Role: The purpose of the SEQUENCE class is to represent all types of sequence information that may be associated with various map markers, with the exception of primer sequences which have their own (simplified) data type. That is, rather than making the actual text sequences physically part of each such record, all sequences are stored in a separate table and associated with the appropriate map marker through a join operation. Only one SEQUENCE record of a given seq_type can be associated with a given map marker. Other restrictions may apply as well, e.g., you would not expect to associate a sequence with a RAPD.
How/Who enters: Currently known SEQUENCES are entered initially by the DB Admin, as part of entering the information for known map markers. In the future, it is expected that authorized submitters will add/update SEQUENCES in the course of describing various map markers.

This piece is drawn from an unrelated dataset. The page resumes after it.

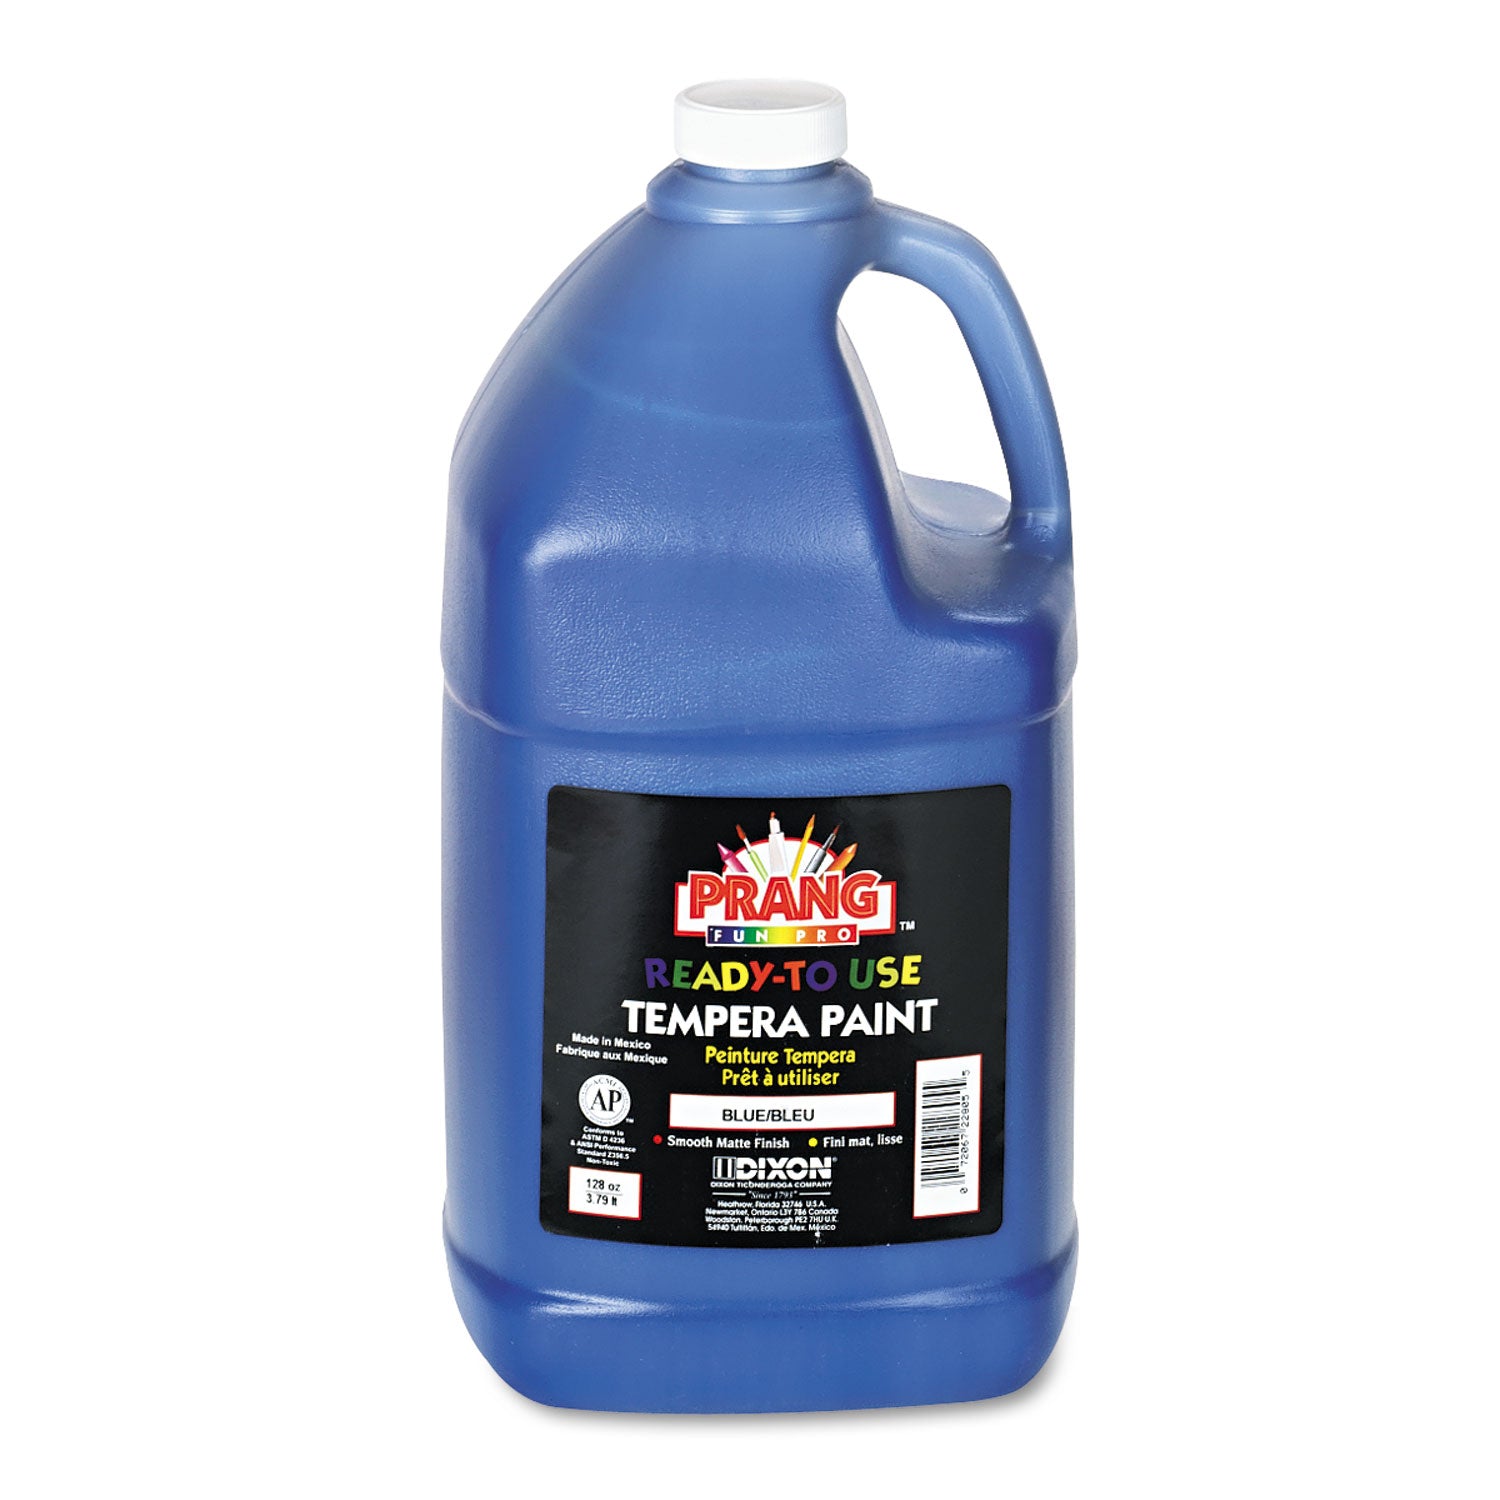 Ready-to-Use Tempera Paint, Blue, 1 gal Bottle - 
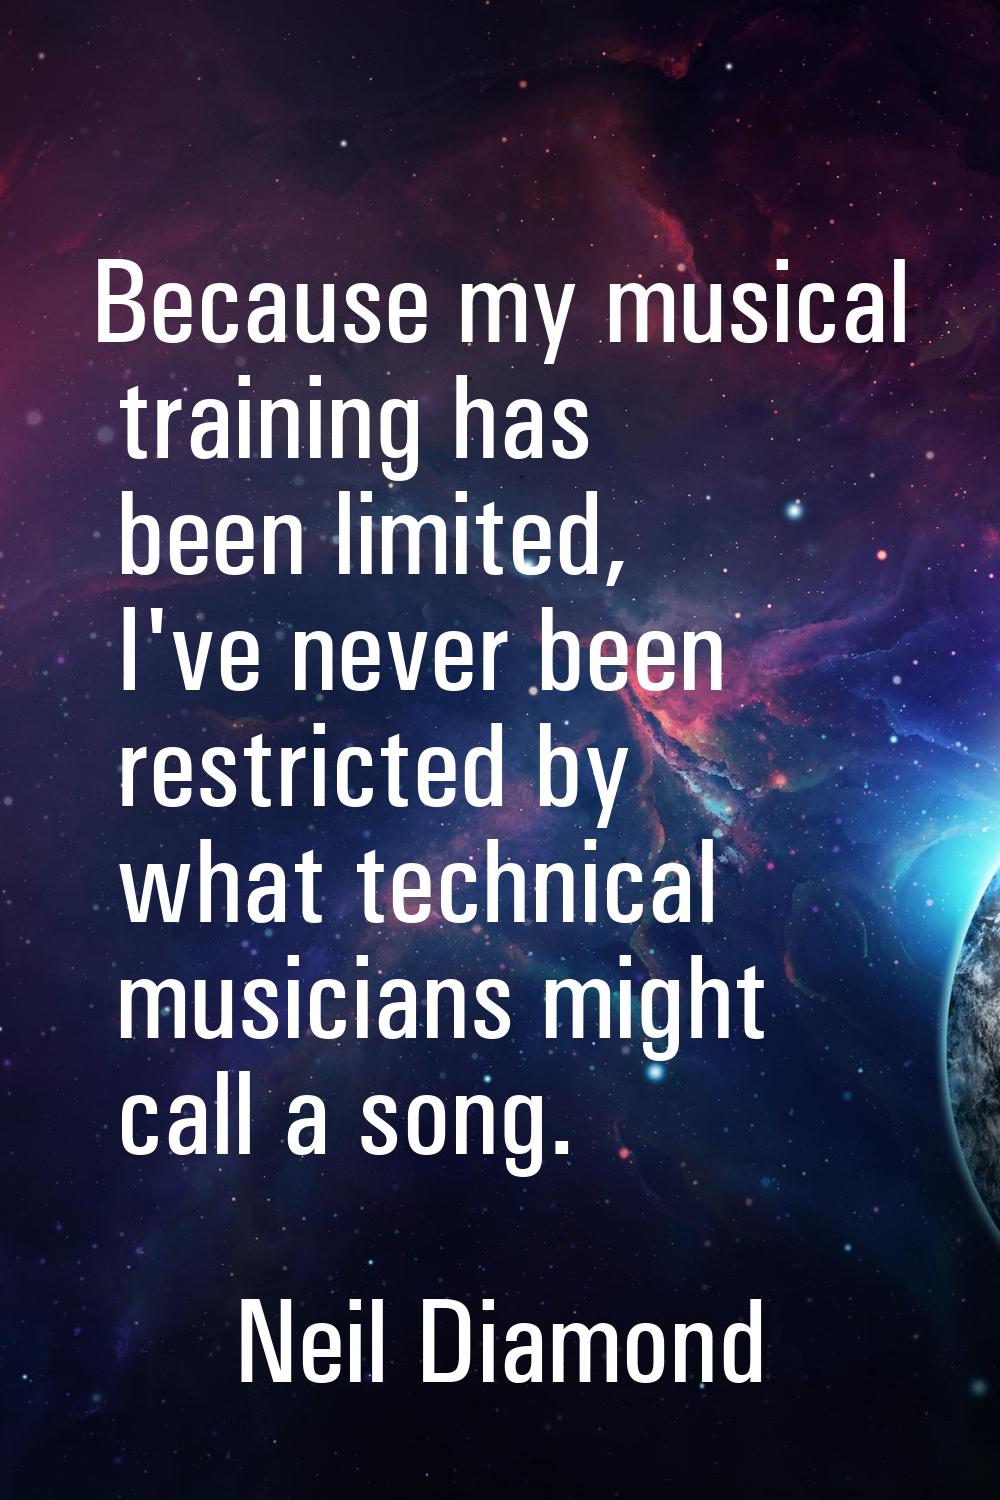 Because my musical training has been limited, I've never been restricted by what technical musician

Security: Only authorized submitters are allowed to add new SEQUENCE records to the database; as always, submissions are tagged with the time and the identity of the submitter. Additions to related_pubs are allowed, as usual, but all other fields can be changed only by DB_Admin once the submission has been made.
| Superclasses: | GENERIC_OBJECT | |
| DATA_ITEM | comments, primary_pub, related_pubs, record_status |
marker_id (CLONED_GENE, REQUIRED). Contains the zdb_id of the CLONED_GENE which this SEQUENCE record describes.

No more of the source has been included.